- ACTIVITY: Please return the listing below word for word, minus its pictures.

- GIVEN MATERIAL:
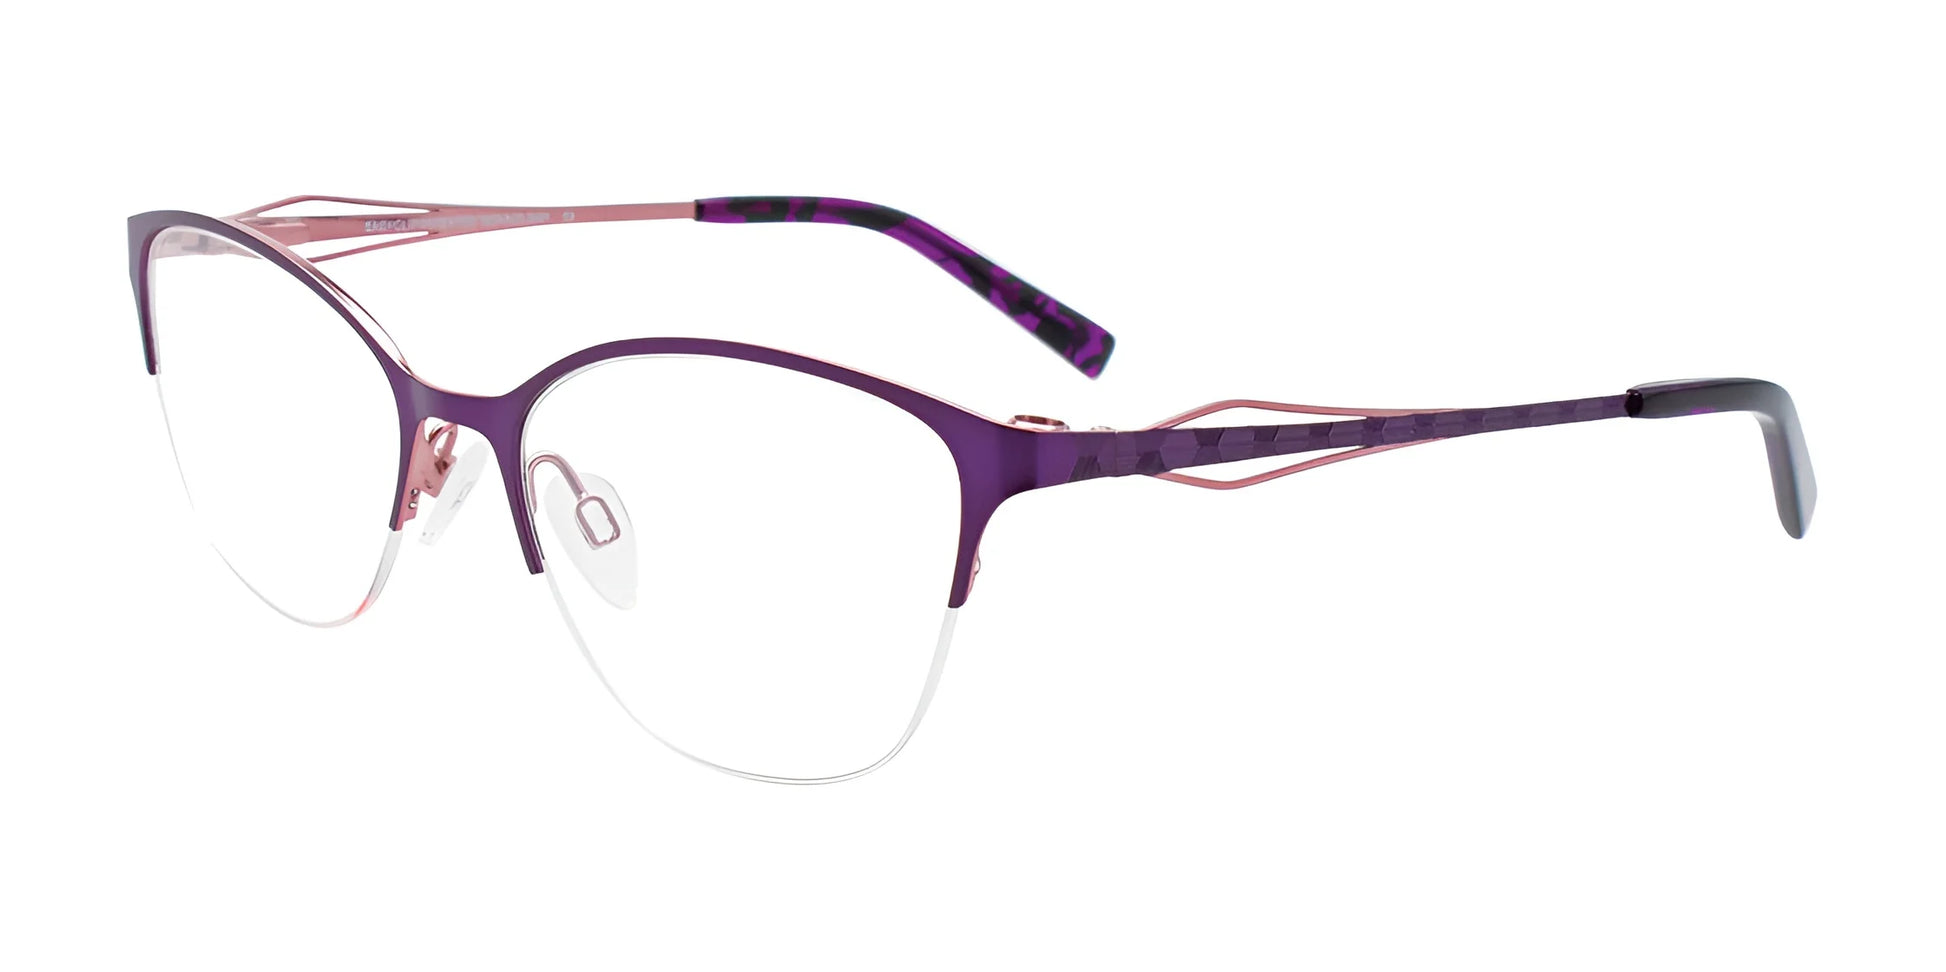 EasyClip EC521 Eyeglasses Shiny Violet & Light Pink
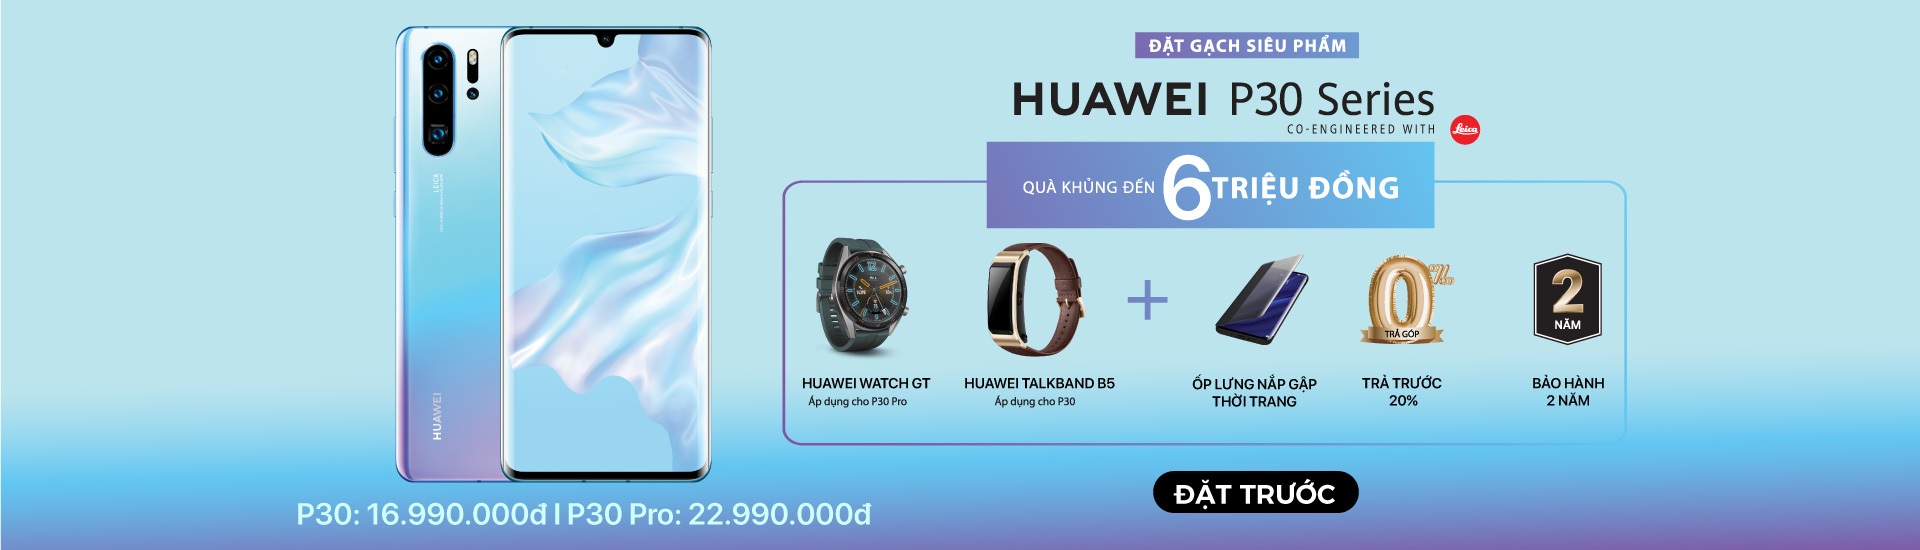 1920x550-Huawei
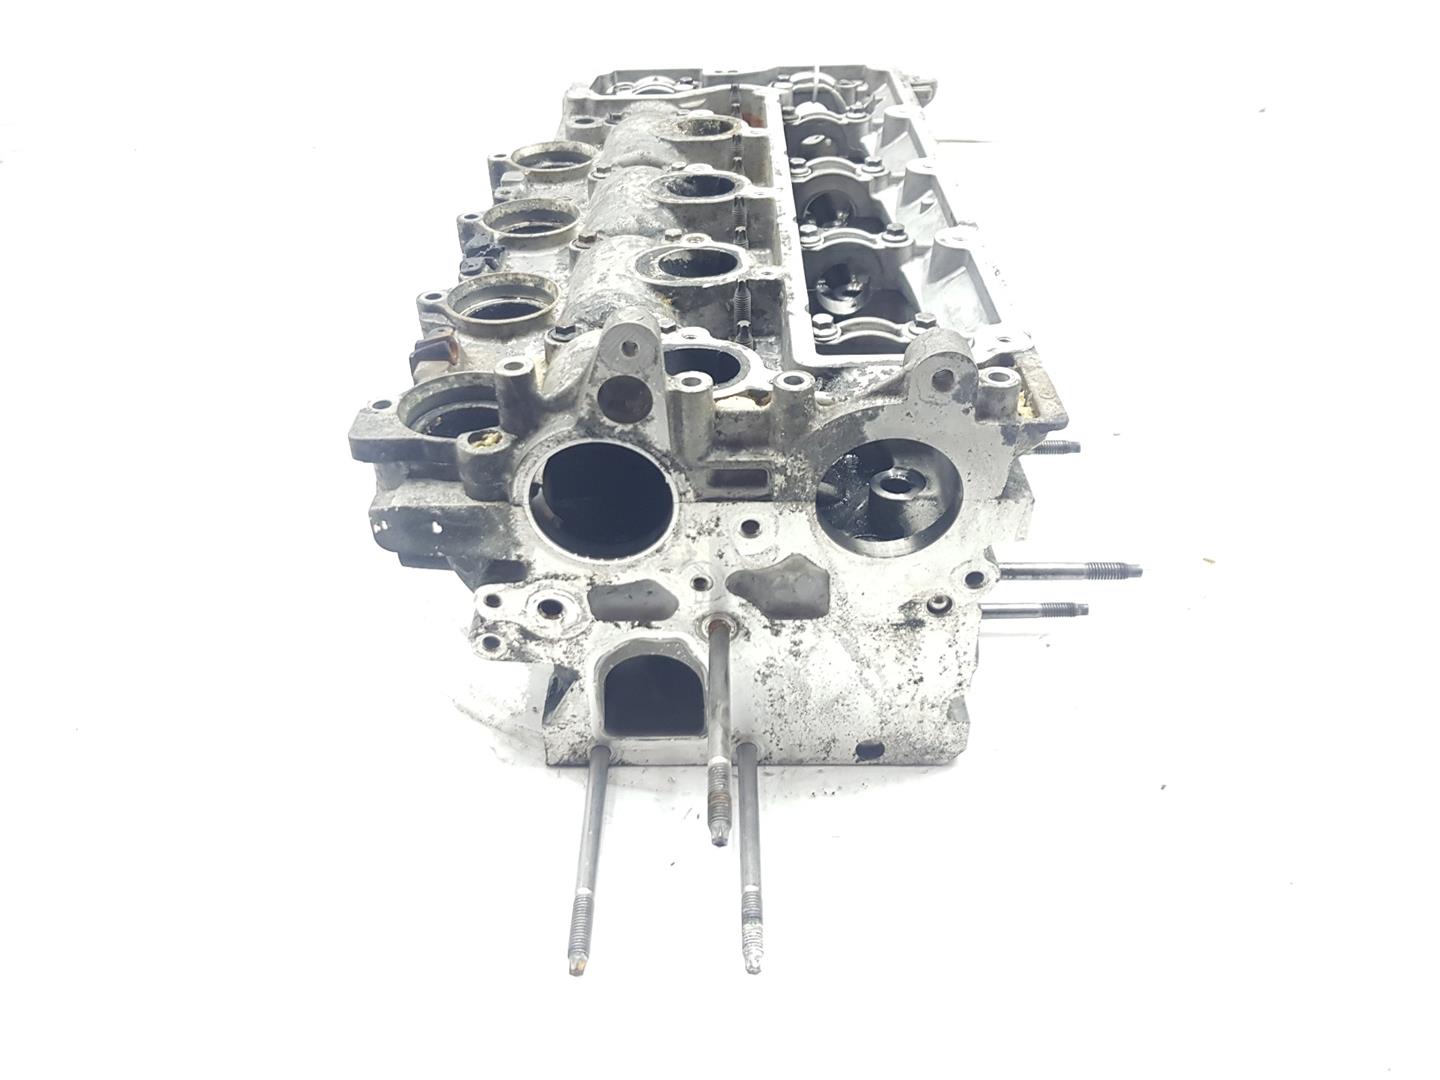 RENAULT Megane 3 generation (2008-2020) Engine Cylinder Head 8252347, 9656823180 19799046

- ANSWER BOX:
 EasyClip EC521 Eyeglasses Shiny Violet & Light Pink
 1920x550-Huawei
 RENAULT Megane 3 generation (2008-2020) Engine Cylinder Head 8252347, 9656823180 19799046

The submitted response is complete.